Australian Open to start on a Sunday in 2024, becomes 15-day event

An additional day will be added to the Australian Open in 2024, in an attempt, organisers say, to prevent as many late finishes for players

Rod Laver Arena, Australian Open 2021 Rod Laver Arena, Australian Open 2021 – © Panoramic

The 2024 Australian Open will be a 15-day event, with the first Grand Slam of the year beginning on a Sunday and with the first round spread over three days.

Traditionally, the Australian Open has run for 14 days, with play beginning on a Monday. However, with organisers saying that data has shown that matches are becoming longer, and amid complaints from players about late finishes, the tournament is adding an extra day, matching the format at Roland-Garros.

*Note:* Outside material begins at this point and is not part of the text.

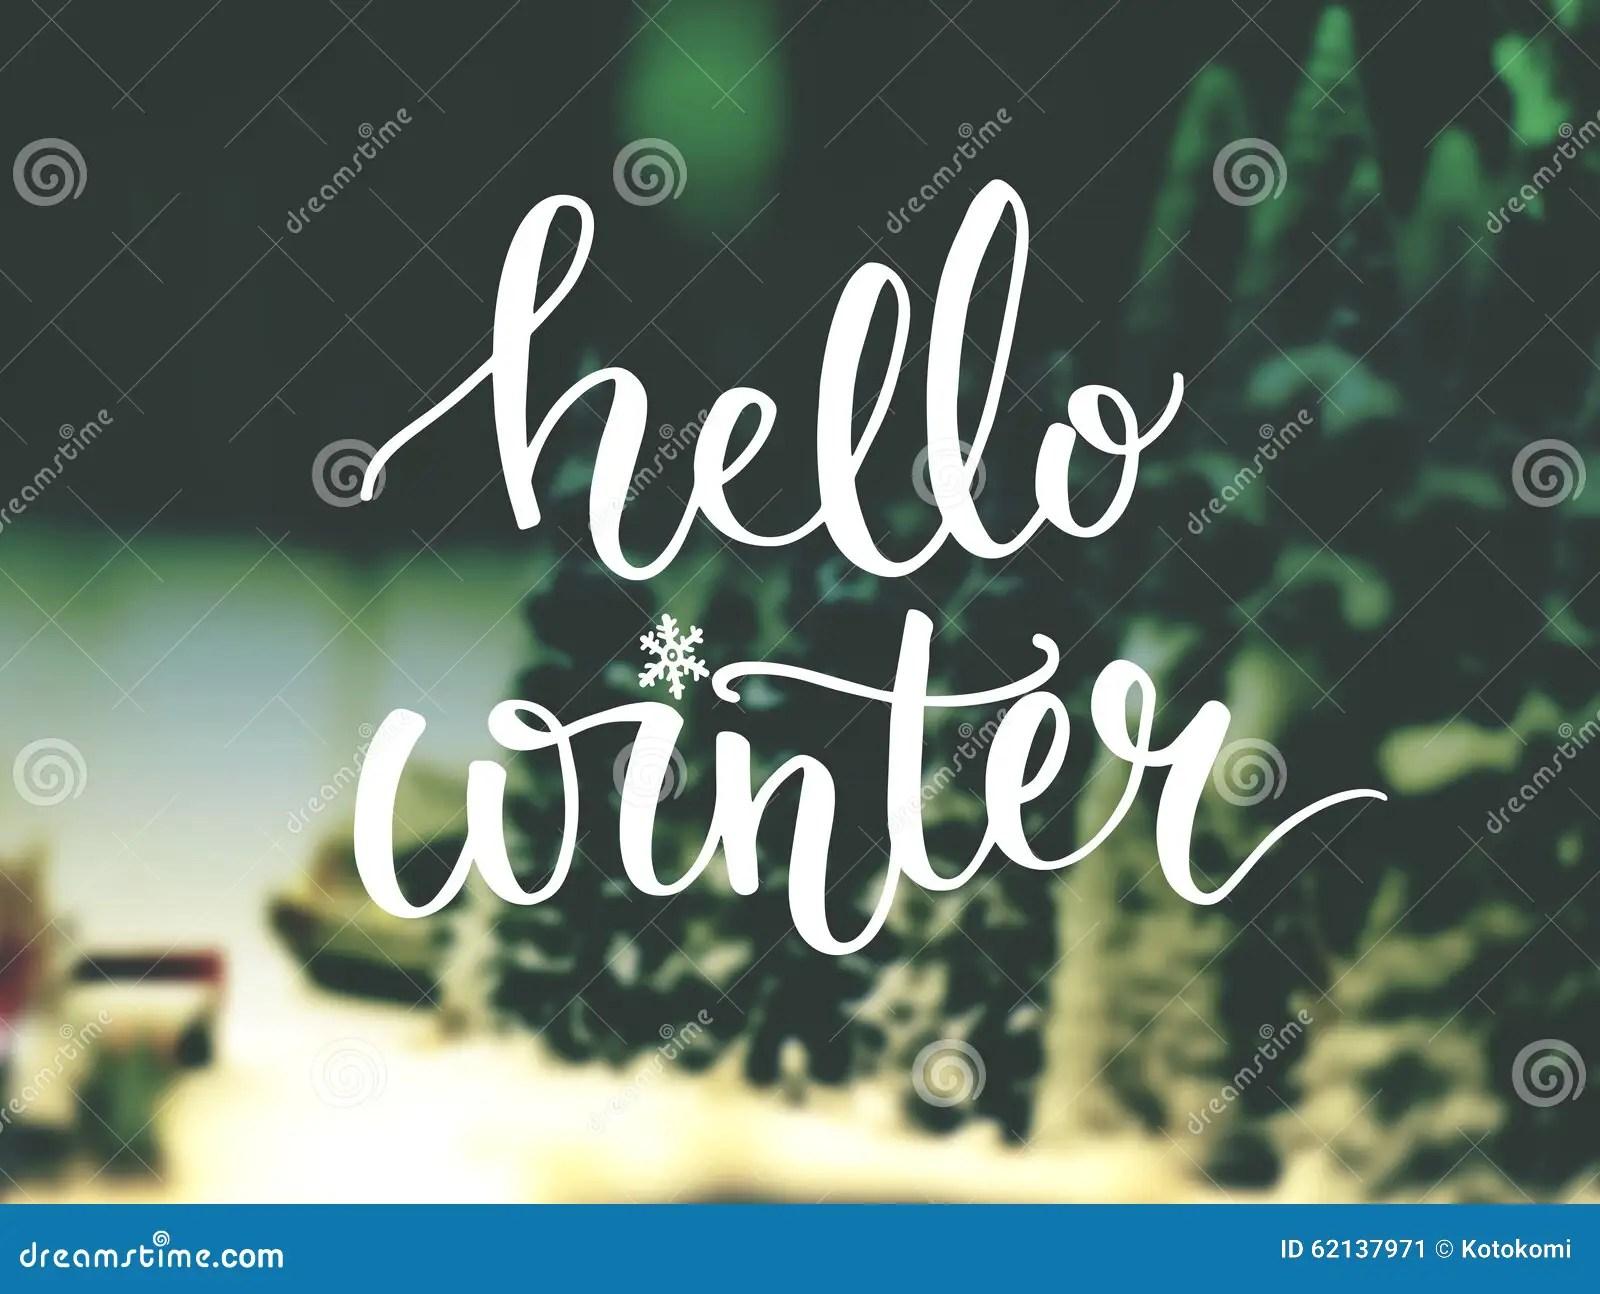 Hello Winter Typography Overlay On Blurred Photo Stock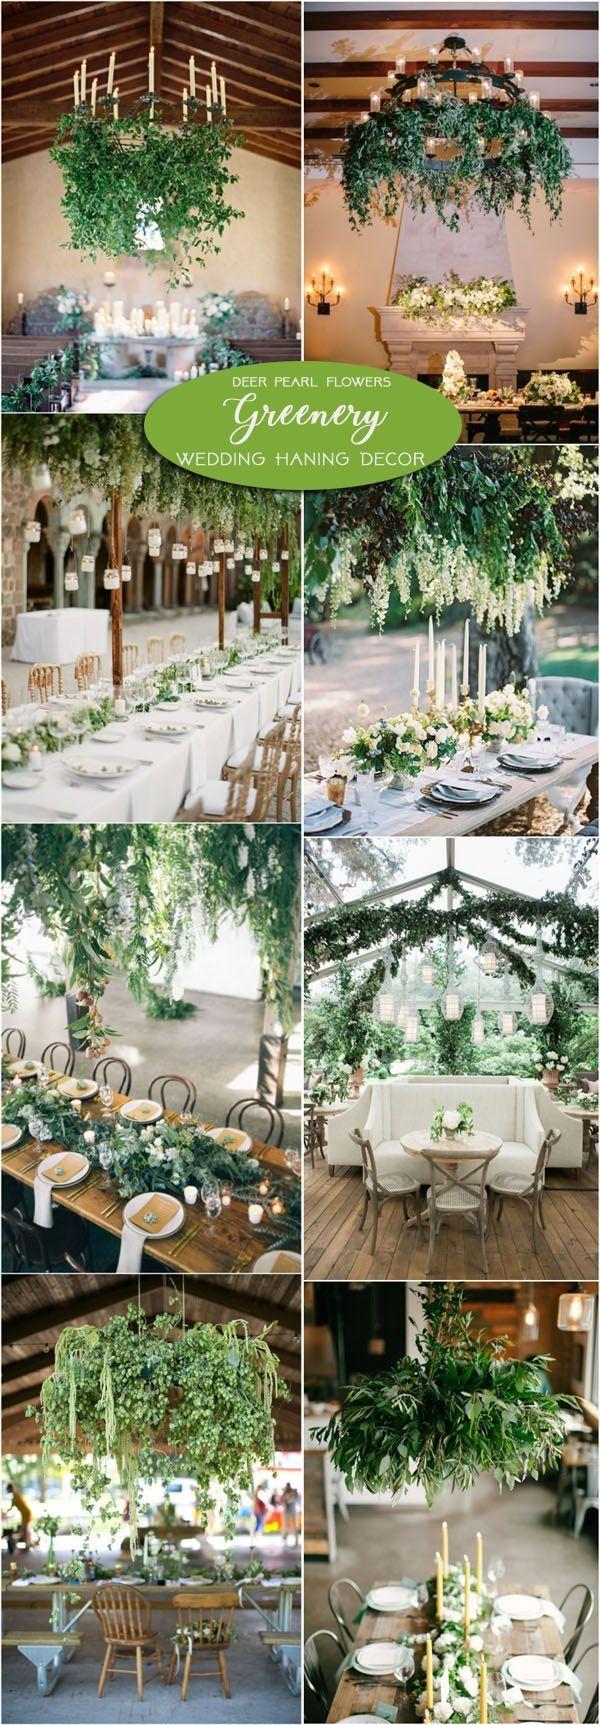 2017 Wedding Trends 100 Greenery Wedding Decor

“We’ve listened to feedback from the players and fans and are excited to deliver a solution to minimise late finishes while continuing to provide a fair and equitable schedule on the stadium courts,” Australian Open tournament director Craig Tiley said in a statement.

“The additional day will achieve this, benefiting scheduling for fans and players alike. The first round will now be played over three days instead of two, also giving fans an extra day of unbelievable tennis, entertainment, food and family fun.”

Day sessions to feature only two matches to prevent late finishes

Another big change at the 2024 Australian Open will be a shift from three matches per day session, to two, across the tournaments two biggest courts, the Rod Laver Arena and Margaret Court Arena.

In the 2023 Australian Open, these day session matches ran longer than planned, causing night session matches to finish late into the morning hours, including Andy Murray’s match with Thanasi Kokkinakis, which finished at 4am, a situation Murray described as ridiculous. Scheduling for the John Cain Arena will remain the same, however, leaving scope for a repeat of the late finishes.

“Every year our team works hard to bring fans an event that feels new and exciting, and this is another opportunity to grow what is already the biggest annual sporting event in the world in January,” Tiley added.

Cynical tennis fans will notice that the move means there are now 52 sessions to sell tickets for across the Australian Open’s three premier courts, up from 47 sessions in previous years.